Material shown →
- - - -

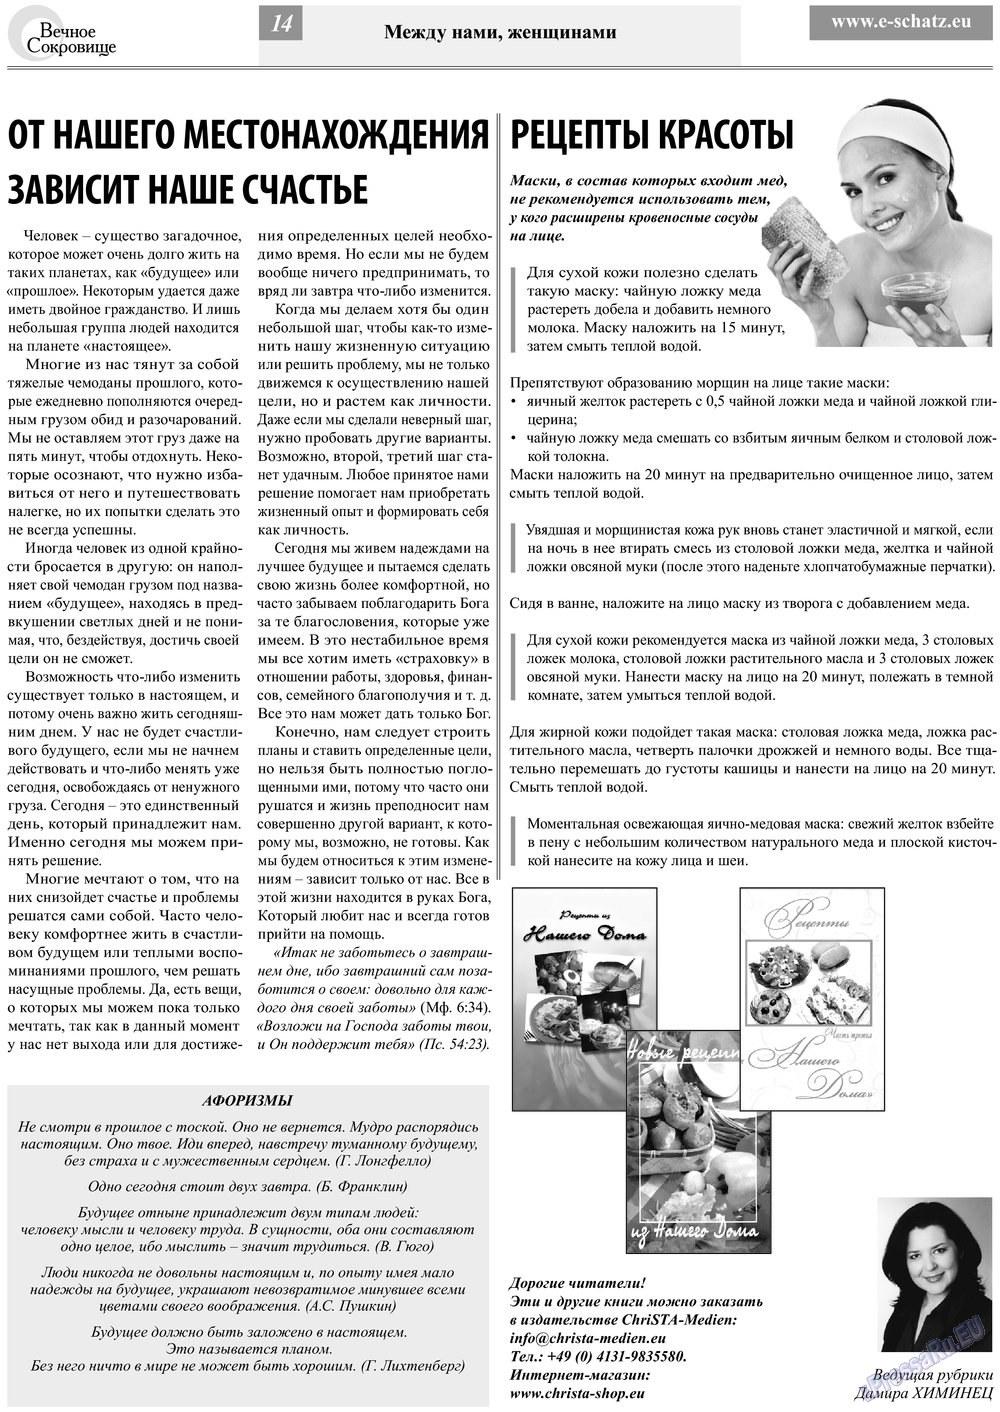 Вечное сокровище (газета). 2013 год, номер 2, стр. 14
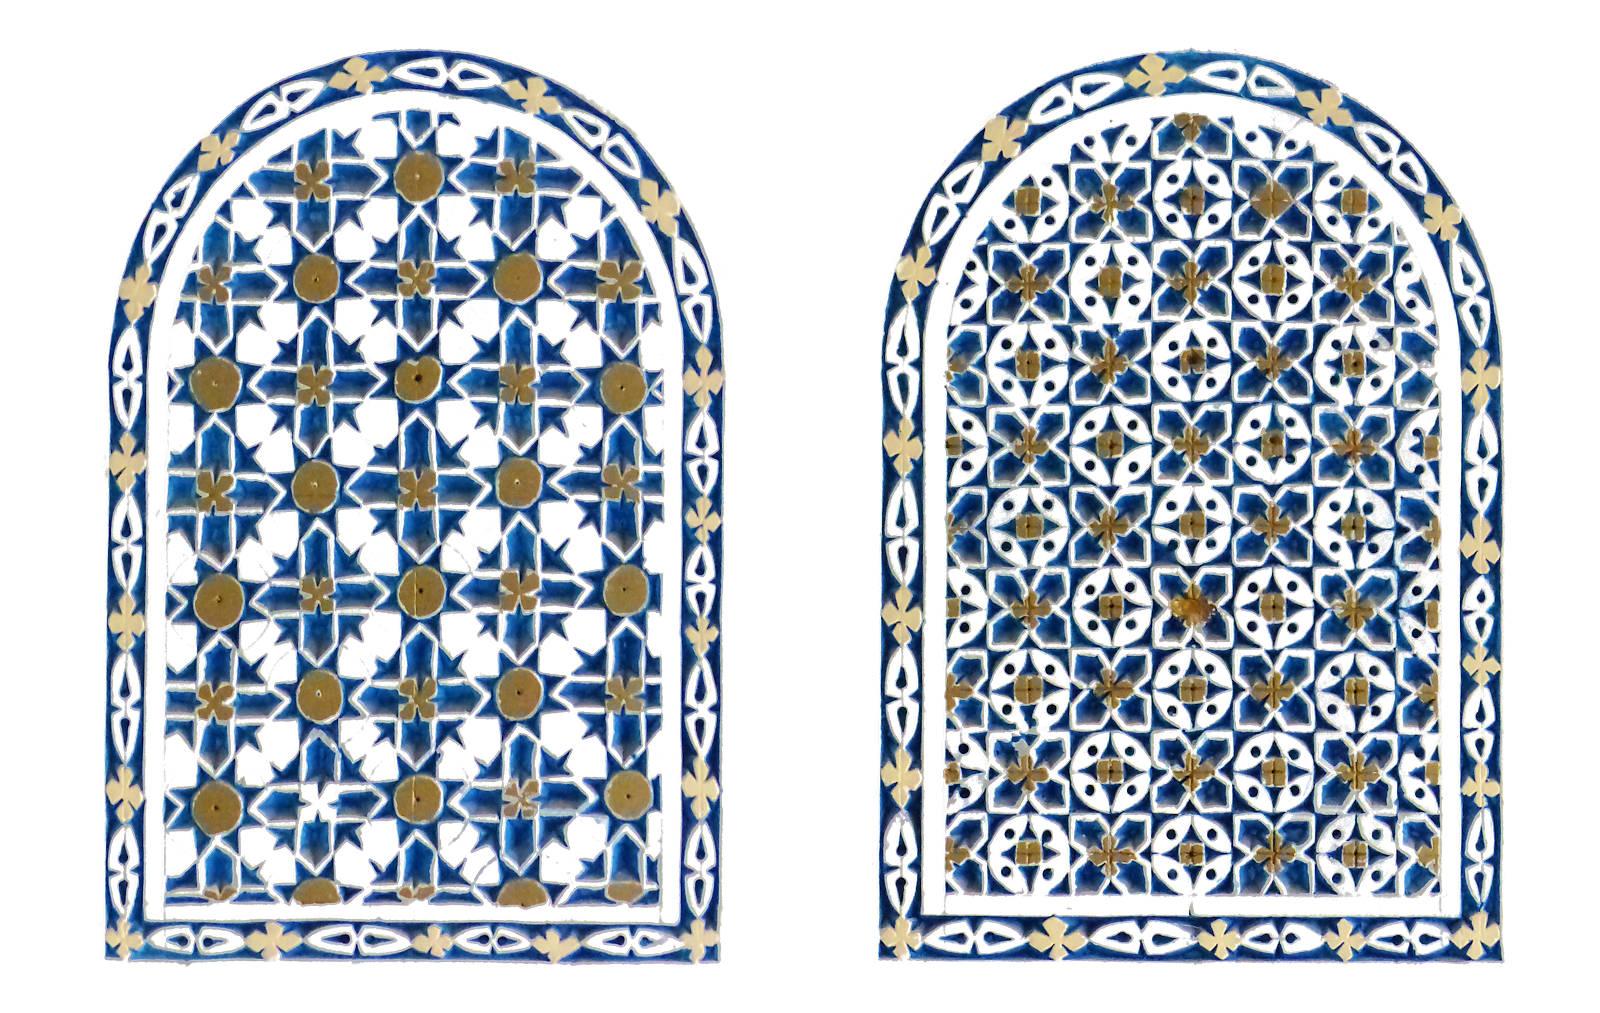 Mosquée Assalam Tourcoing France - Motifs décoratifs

- - - -

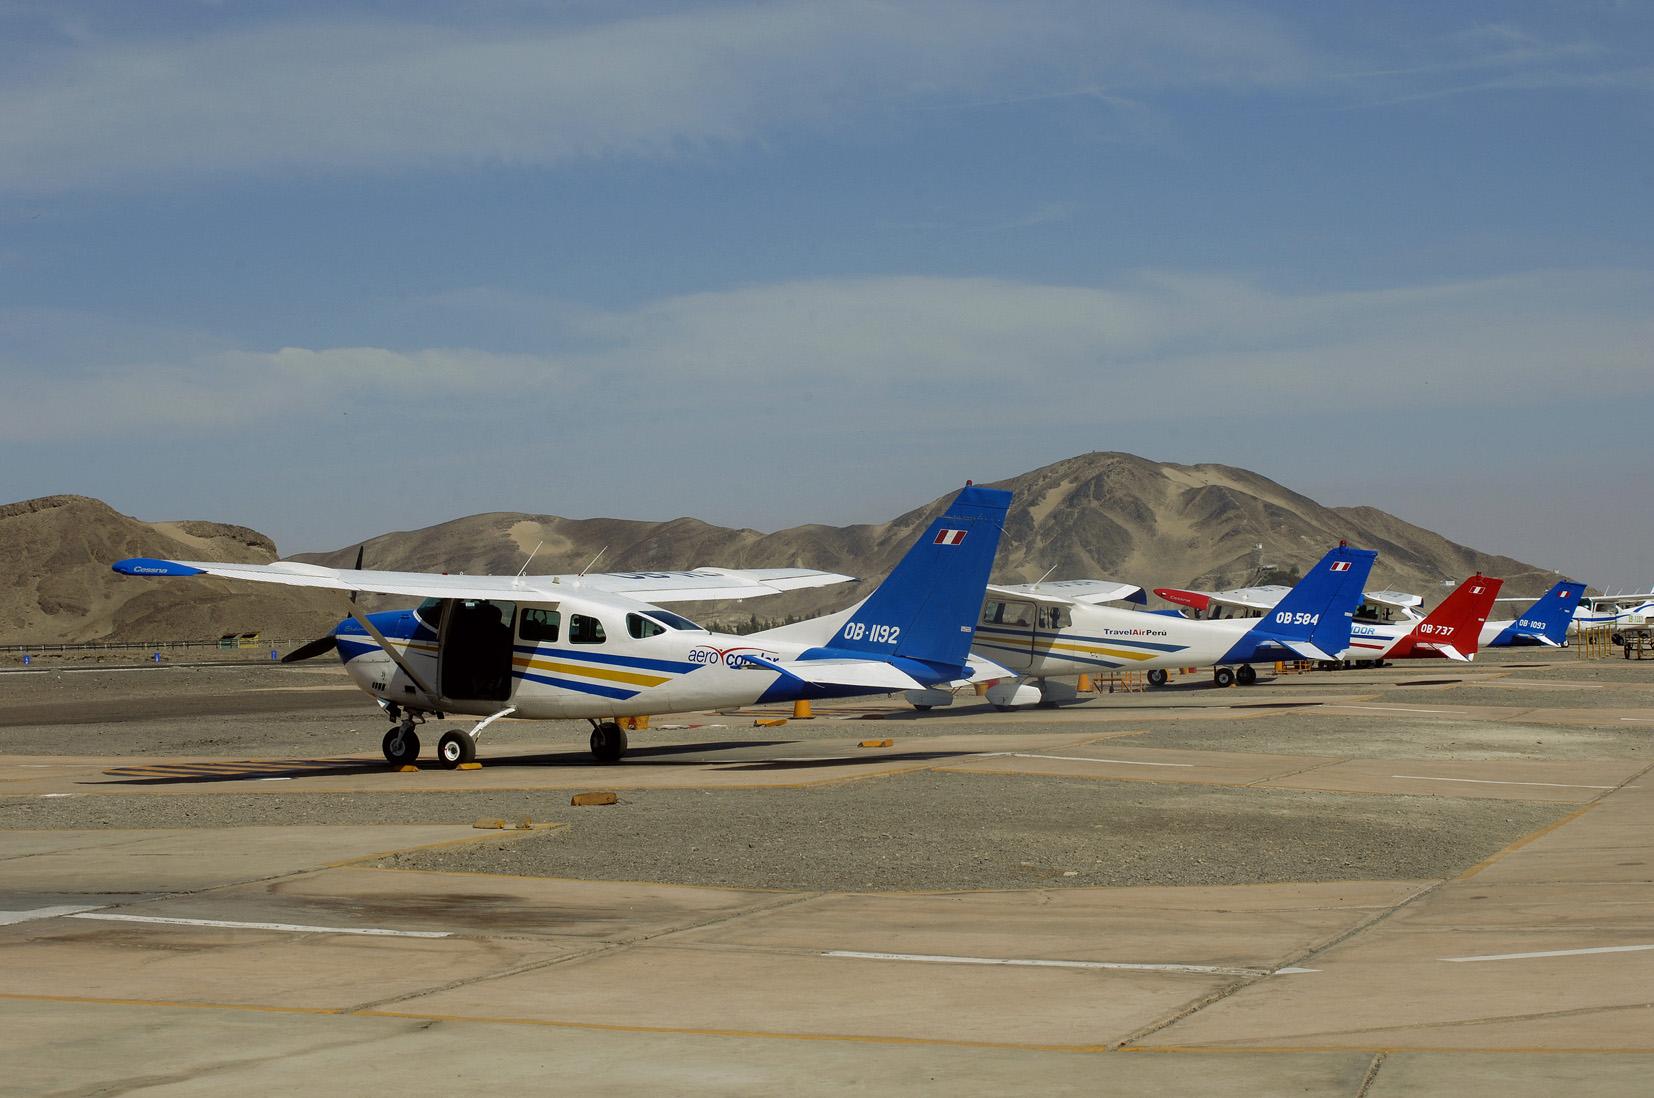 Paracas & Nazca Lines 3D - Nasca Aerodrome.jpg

- - - -

Task → Using the data above, retype exactly and only the lines from the one containing "Вечное сокровище (газета)." up to and including the one containing "Mosquée Assalam Tourcoing", with no pictures carried over.

Exercise answer →
 Вечное сокровище (газета). 2013 год, номер 2, стр. 14
 Mosquée Assalam Tourcoing France - Motifs décoratifs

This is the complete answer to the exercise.